*EXERCISE BRIEF*. Transcribe only what runs from the line containing "Cheez-It Logo - Cheezit" through the end of the listing, line for line and exactly, and omit the pictures.

*DATA EXTRACT*.
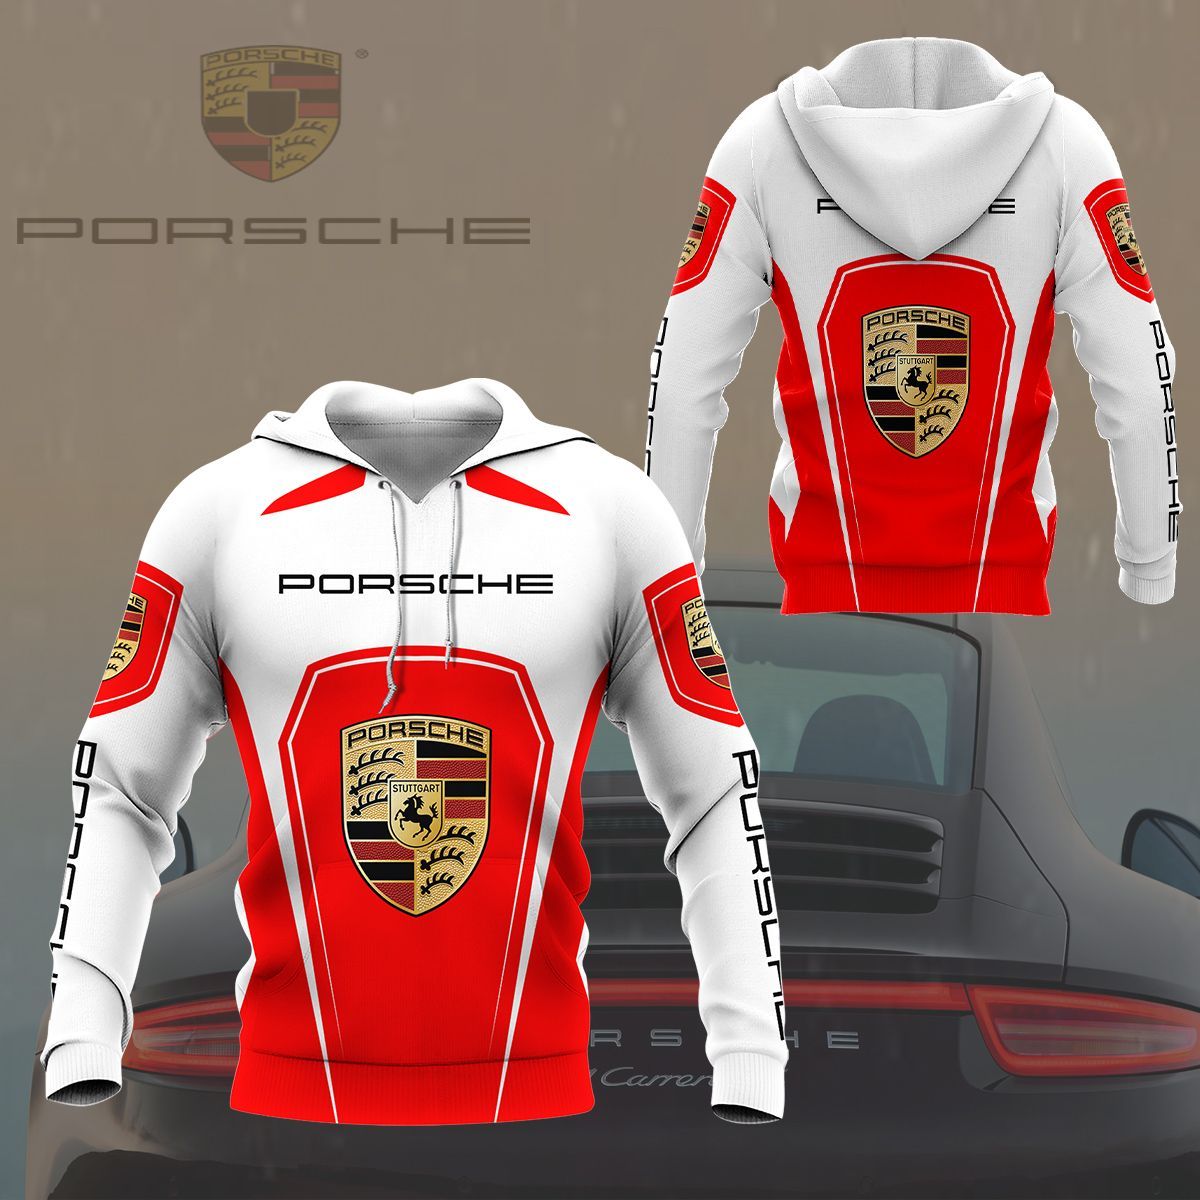 3D All Over Printed Porsche Tnt-Hl Shirts Ver 1 (Red) – Wildzill Store
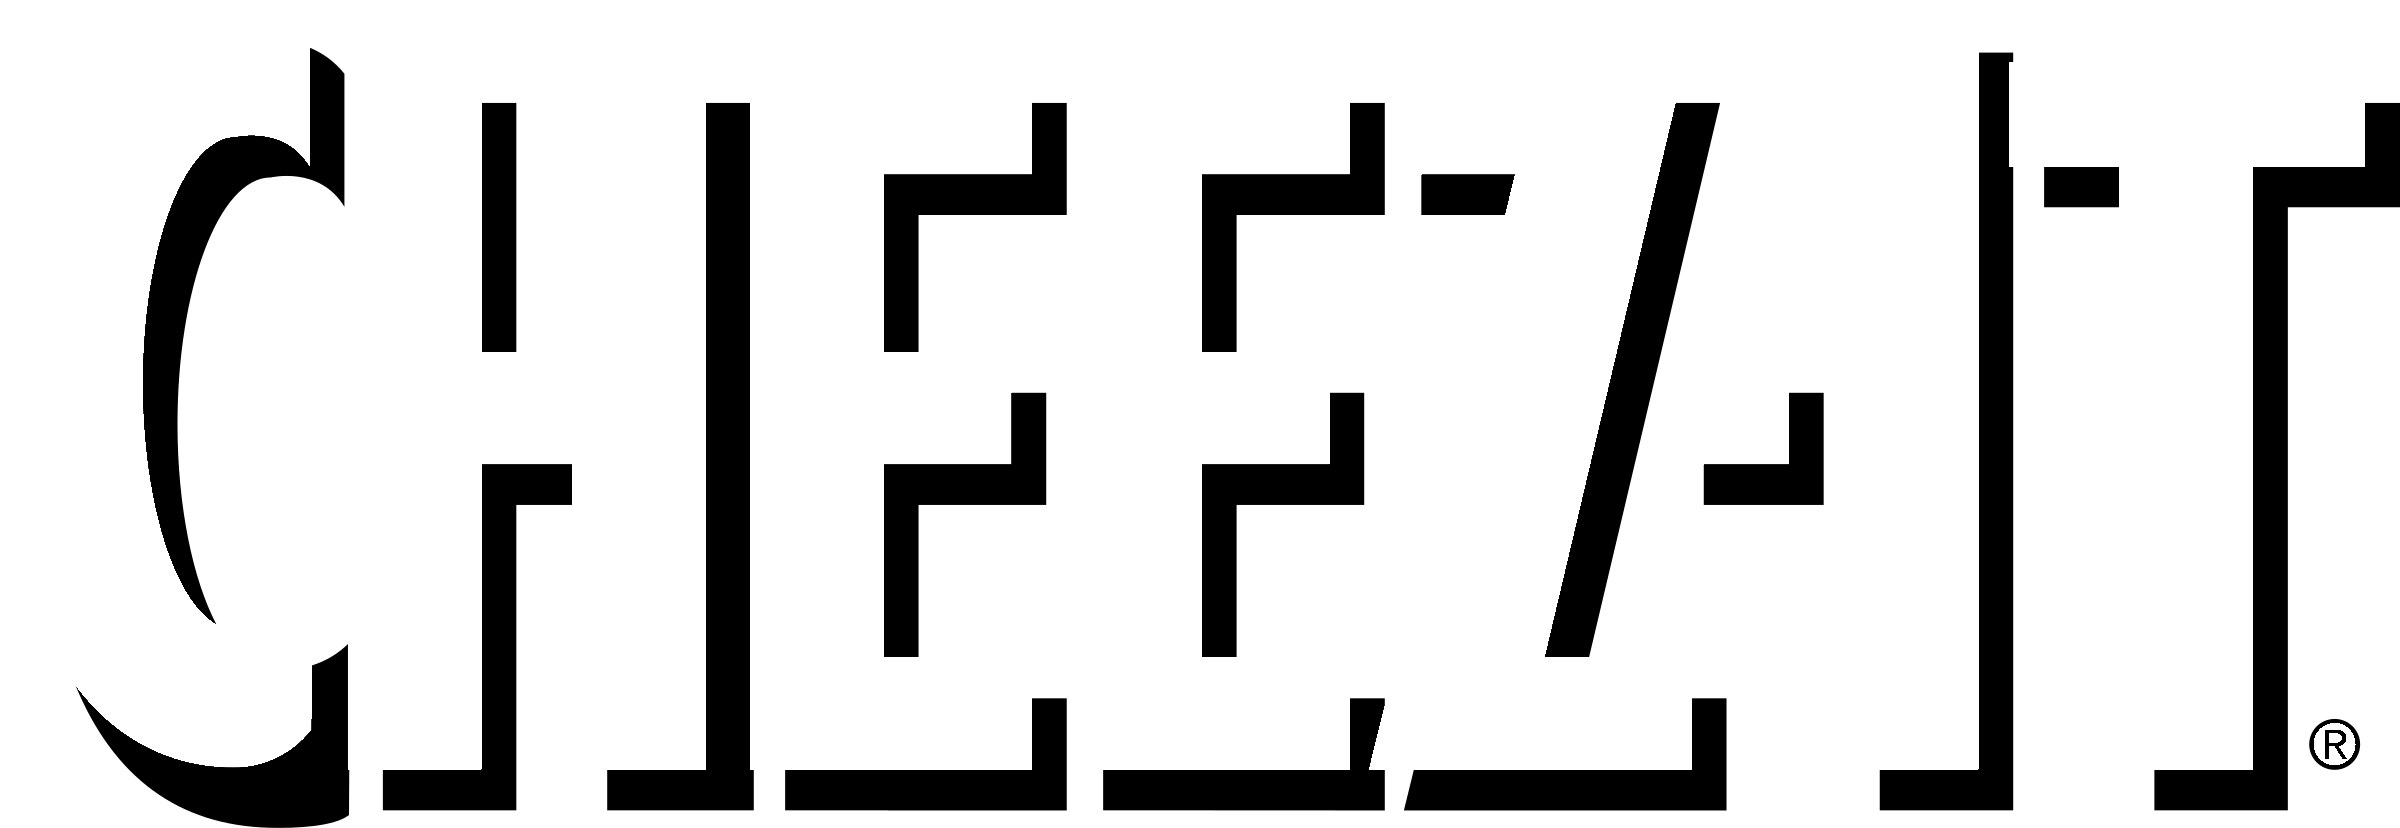 Cheez-It Logo - Cheezit Logo PNG Transparent & SVG Vector - Freebie Supply
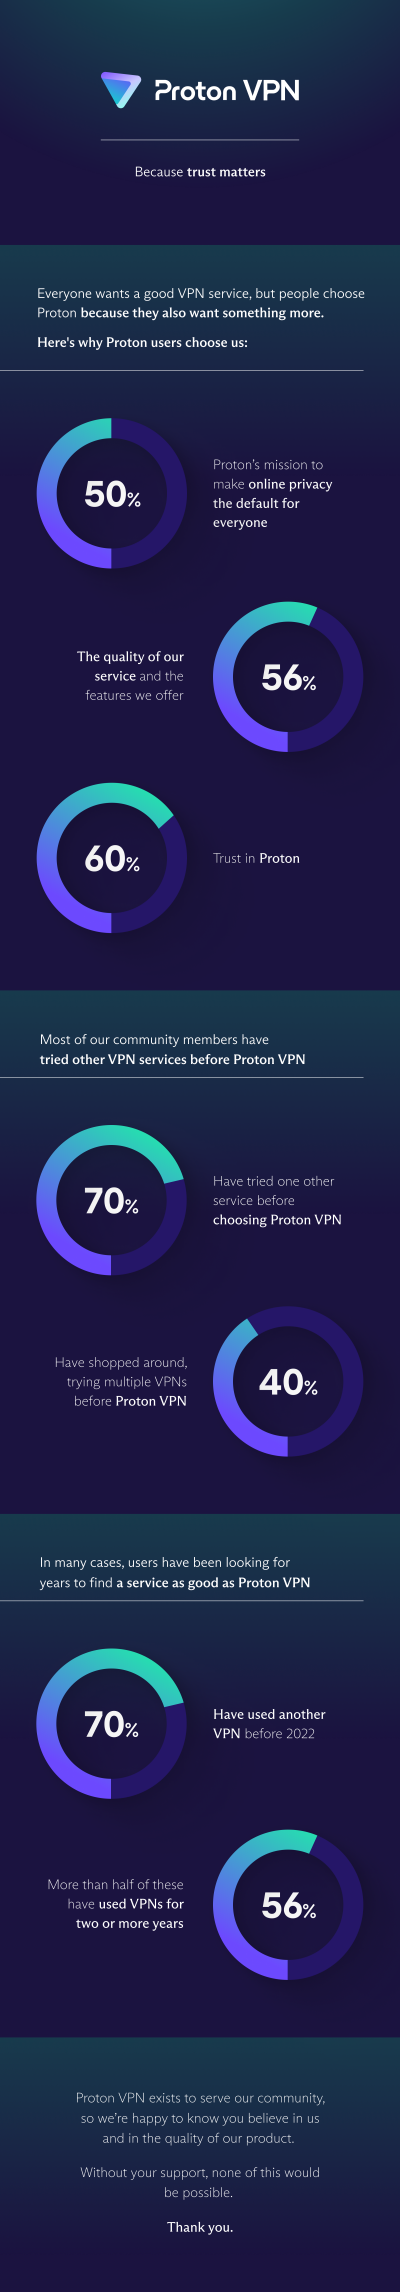 Proton VPN - because trust matters survey infographic
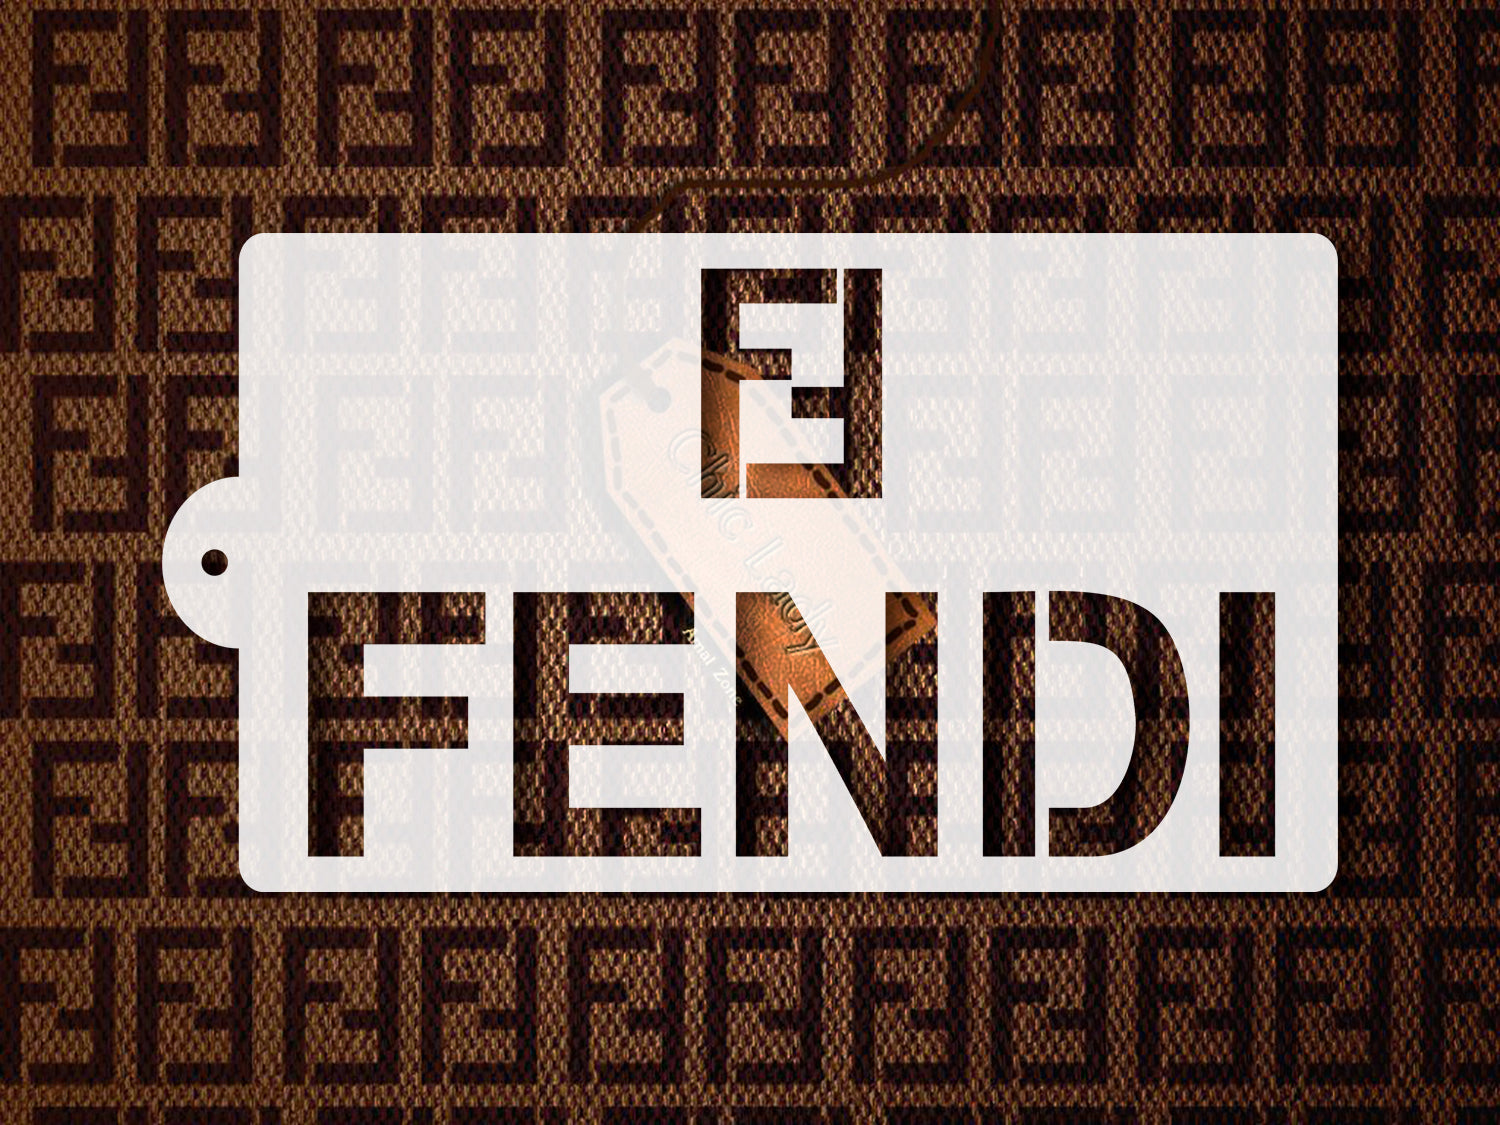 What is the Fendi symbol?

*WRITTEN ANSWER*.
 Cheez-It Logo - Cheezit Logo PNG Transparent & SVG Vector - Freebie Supply
 Proton VPN - because trust matters survey infographic
 What is the Fendi symbol?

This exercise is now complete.